2. Step-by-Step Process for AI-Assisted Development

  1. Initialization: Create a clean repository and install necessary tools (bun, vest, effect).
  2. Context Injection: Clone the target library (e.g., effect) into a repos/ folder. This allows the AI to index the library's internal patterns as if they were part of the local codebase.
  3. Pattern Extraction: Ask the AI to research specific features (e.g., HTTP APIs, SQL persistence) within the cloned repo and save these as patterns/*.md files.
  4. Spec-Driven Implementation: Create a plans/ file to define the desired functionality.
  5. Iterative Execution: Use a loop (or manual restarts) to implement features, using the patterns/ files as the "source of truth" for the AI.
  6. Validation: Use strict linting and type-checking to ensure the AI adheres to the defined patterns.

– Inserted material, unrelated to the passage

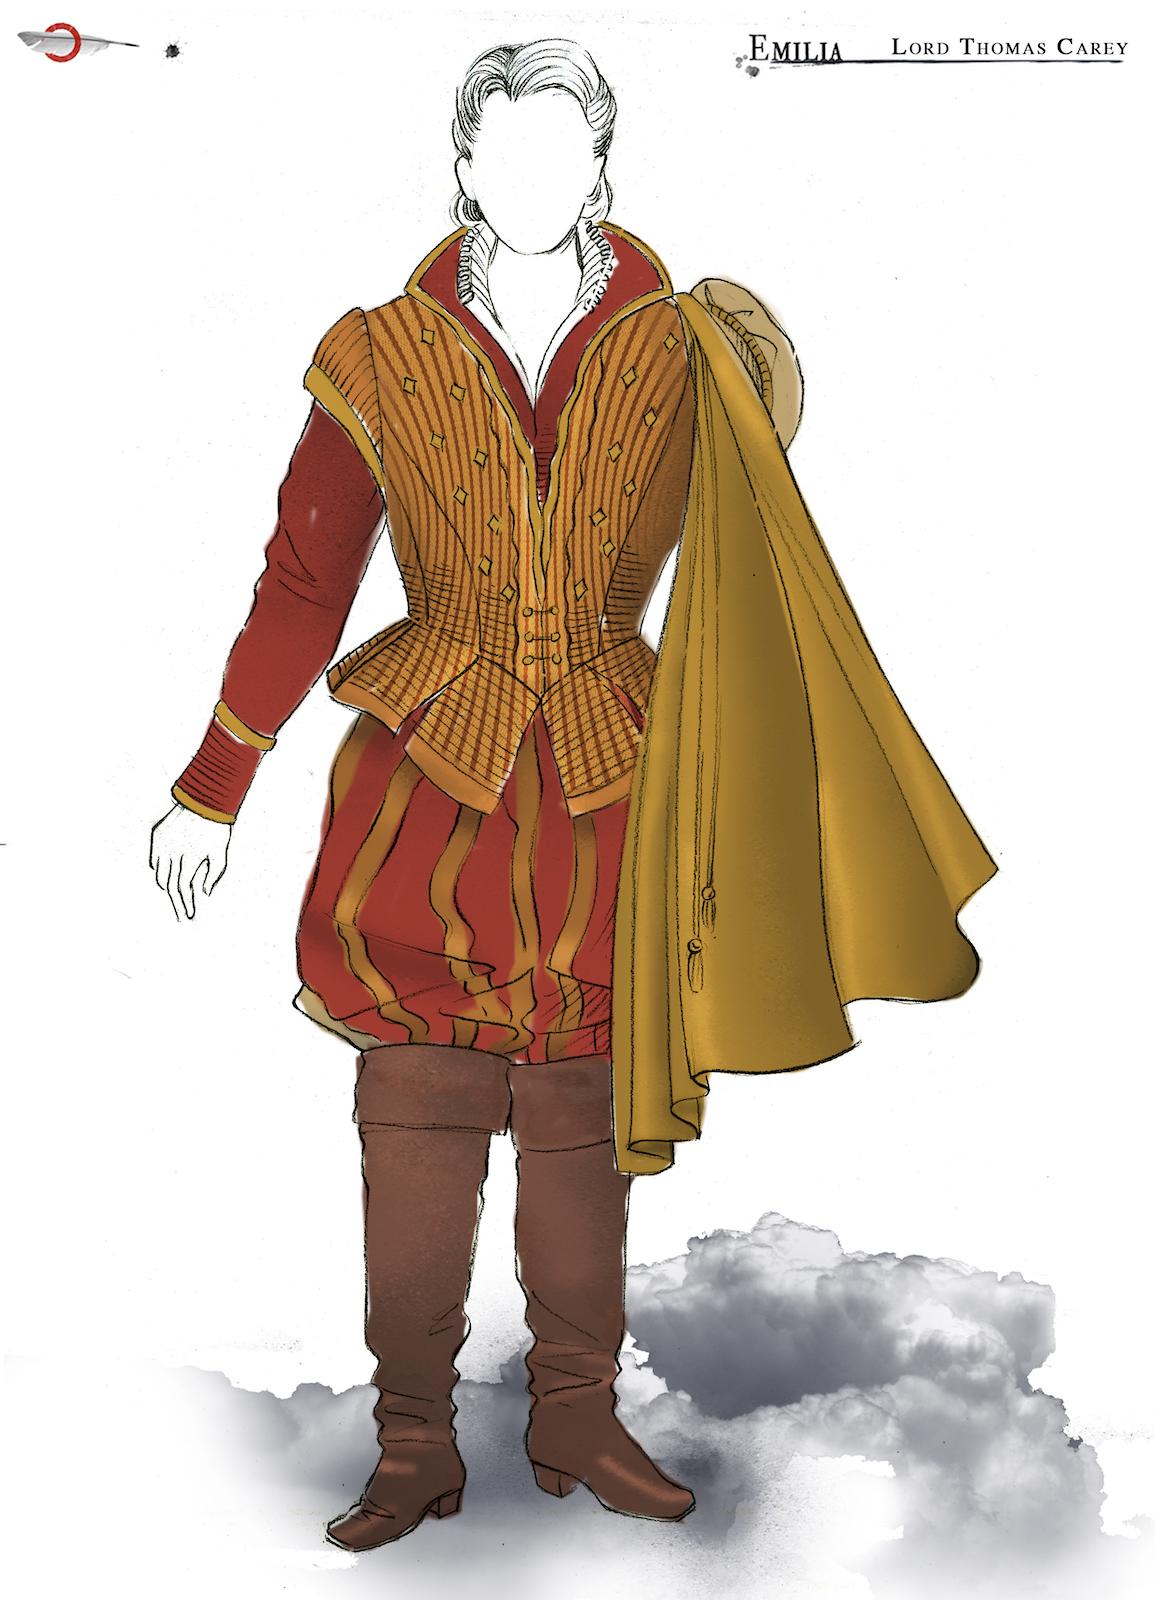 A sketch of a male Elizabethan costume

3. Key Arguments and Perspectives

  • Models are "Dumb" but Powerful: The speaker argues that LLMs do not "learn" in the human sense; they are fixed-weight models. Therefore, the developer's job is to architect the environment (the repo) so the model can "see" the right patterns.
  • The "Junior Developer with a Knife" Analogy: AI models are like junior developers who are fast but prone to dangerous shortcuts. The developer must act as a supervisor, using linting rules to "babysit" the model and prevent bad practices (e.g., using as casting instead of schema validation).
  • Standardization vs. Flexibility: While the speaker acknowledges the desire for standard AI patterns, they argue that patterns should be generated by the model for the specific model being used, rather than relying on off-the-shelf, one-size-fits-all prompts.

4. Notable Quotes

  • "The reality is with LLMs... they are very different [from humans]. We learn continuously... with LLMs, this does not happen."
  • "The zero-to-one problem is not really a problem... as programmers, if our job is not to write code, our job should be to set up the repositories in ways that the models can act good on it."
  • "Why does this rule exist? Because the model did that." (On the necessity of specific linting rules).

5. Technical Insights

  • Diagnostic Severity: The speaker sets all TypeScript diagnostics to error to ensure the AI cannot ignore warnings or produce "sloppy" code.
  • Semantic Code Search: Used to prevent the AI from re-implementing features that already exist in the codebase.
  • Long-Running Processes: The speaker highlights that AI-driven apps often have long response times (minutes vs. milliseconds), making Effect Workflows and Clustering essential to handle server crashes and ensure process completion.

6. Synthesis/Conclusion

The workshop concluded that the most effective way to leverage AI for complex library development is to treat the AI as a tool that requires a highly structured environment. By providing the AI with direct access to source code (cloning), enforcing strict patterns via markdown files, and using aggressive linting to prevent "lazy" coding, developers can successfully build complex, type-safe systems without writing code by hand. The future of this workflow lies in automating the "pattern extraction" process and using robust workflow engines to handle the inherent instability of long-running AI operations.